His face went completely blank, like any trace of emotion had been slapped away. Jason's
hands tensed at his sides, black and blue fingers rolling into fists. Thankfully, he knew him
well enough to know that wasn't an aggressive stance---not for him, anyway. That was how
he got when he couldn't quite process a situation. When his emotions overwhelmed him, he
shut down and tried not to let it show. He protected himself, forever a perfect example of the
hedgehog's dilemma.

"I'm not sorry," Jason said, sounding almost confused.

"I am," Dick said, exhaling hard. "I'm never going to agree with what you did. It's not going
to happen. But you're still---you're my---I've missed you, Little Wing."

Finally, Jason smiled back.

"Wanna blow this popsicle stand and catch up? I mean, crime'll be here tomorrow. I have
been so goddamn good lately, I deserve a night off." Jason glanced at him sideways, suddenly
hesitant. "I mean. Are we---?"

Dick grabbed a fistful of his hair and dragged him down to kiss. Whatever that question was
supposed to be, his answer was an unequivocal yes. He made sure he got the point across.

Jason laughed, low and breathless. "Okay. Good to know."
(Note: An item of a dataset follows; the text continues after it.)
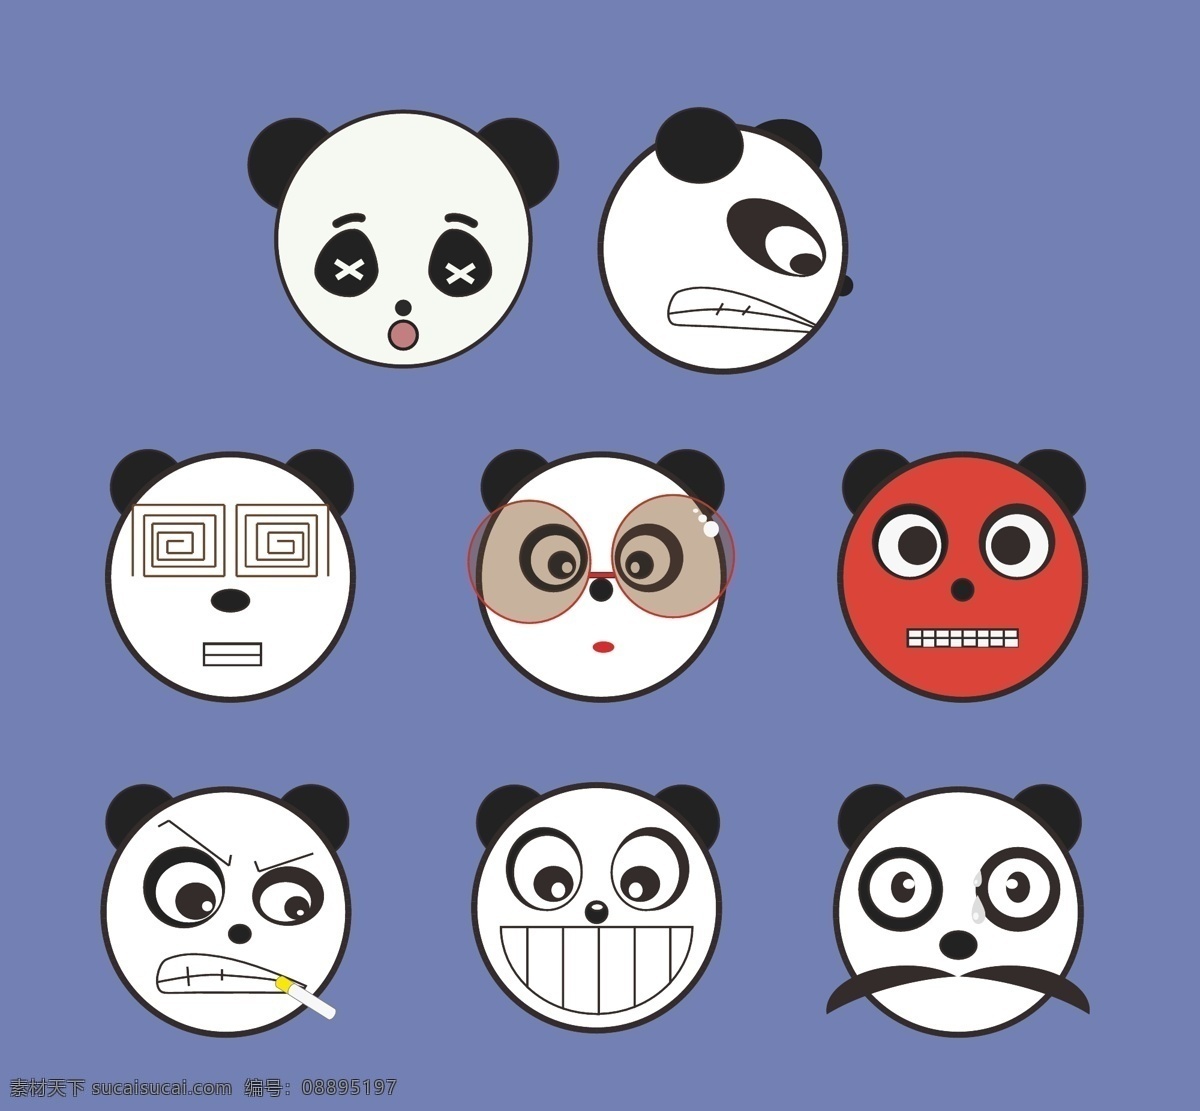 卡通 熊猫 矢量 表情 包 元素 装饰 图案 集合 矢量熊猫 卡通熊猫 熊猫元素 熊猫装饰 熊猫图案 可爱熊猫 扁平化 彩色 表情包 描边

Dick kissed his hand, then lightly caught the tips of Jason's blue-gloved fingertips in his teeth
and tugged. He pulled off his glove, eager to taste the salt warmth of his skin. It was almost
like the first time, in a way: just as unexpected, just as impossible, just as electric. But instead
of being quick and aggressive and needy, it was slow. Jason's kisses still had the edge of
teeth, and they both grabbed and held with bruising strength, but it was slow.
Jason was calm. Dick wasn't afraid that he'd bolt if he wasn't careful. This time, Jason had
been looking for him. He'd been trying to be found. They'd figure out the apologies later.

Jason's hand slid up the curve of his spine, then down again as he unzipped his suit to the
small of his back. He peeled it away so forcefully, Dick was surprised that he didn't rip the
fabric. He bunched the side of his boxer-briefs in one hand, then cut through the material
with a pull of his switchblade. The tip of the knife just barely skimmed the arch of Dick's hip;
his breath caught in his throat as he cut through the elastic band of his jockstrap.

"I liked those briefs," Dick said, too throaty to be a real complaint.

"Tough luck," Jason said, tugging him free. "Should've moved faster."

Dick dragged him deeper into the shadow the billboard cast. So much for not giving anyone a
show. He couldn't really find it in him to care.

"Missed you, Little Wing."

"Yeah?" Jason's growl made Dick's skin tingle. "Show me."

The apartment didn't have electricity, but the full moon cast more than enough light to see by.
Dick only had one piece of furniture in the loft---a queen-sized bed, and Jason was taking up
at least two-thirds of it.

"Good grief, Jay," Dick said, returning to bed with the pizza. The poor delivery girl had been
perplexed---but not unappreciative---over him answering the door in a pair of Batman boxers
and a domino mask. "Have you gotten bigger this year?"

"Maybe," he said, looking unreasonably smug. He folded his arms behind his head, rolling
his hips up in an inviting thrust. "Wanna come over here and find out?"

"I thought we agreed that you were done growing, Little Wing," he chastised, opening the
cardboard box and inhaling the cheesy goodness. He'd worked up an appetite.

"I can't help that I'm a big boy," Jason said, batting his lashes and grabbing a slice of pizza.

Dick took him in with an appreciative hum. Yes, Jason had gotten a little bit bigger and
broader. He had more hair on his chest. He'd left the last remnants of boyhood behind him.

"I'm not letting you leave again," Dick told him, brushing his hair out of his eyes with greasy
fingertips. Jason looked amused and exasperated by the fond touch, but he put up with it.
"You know that, right?"
"I think I'll do whatever the hell I want to do," Jason said, his mouth full of pepperoni. He
chewed, then swallowed. "But I, uh. Don't have a place in town yet, so. Figure I'll crash here
for a while."

Dick just grinned, snagging another piece before Jason could mow through most of the pizza
himself. The important things hadn't changed.

"Sure thing, Jaybird."

It didn't matter that the loft didn't have heat or electricity yet. With a warm body beside him,
the new nest didn't seem nearly as empty as it'd been.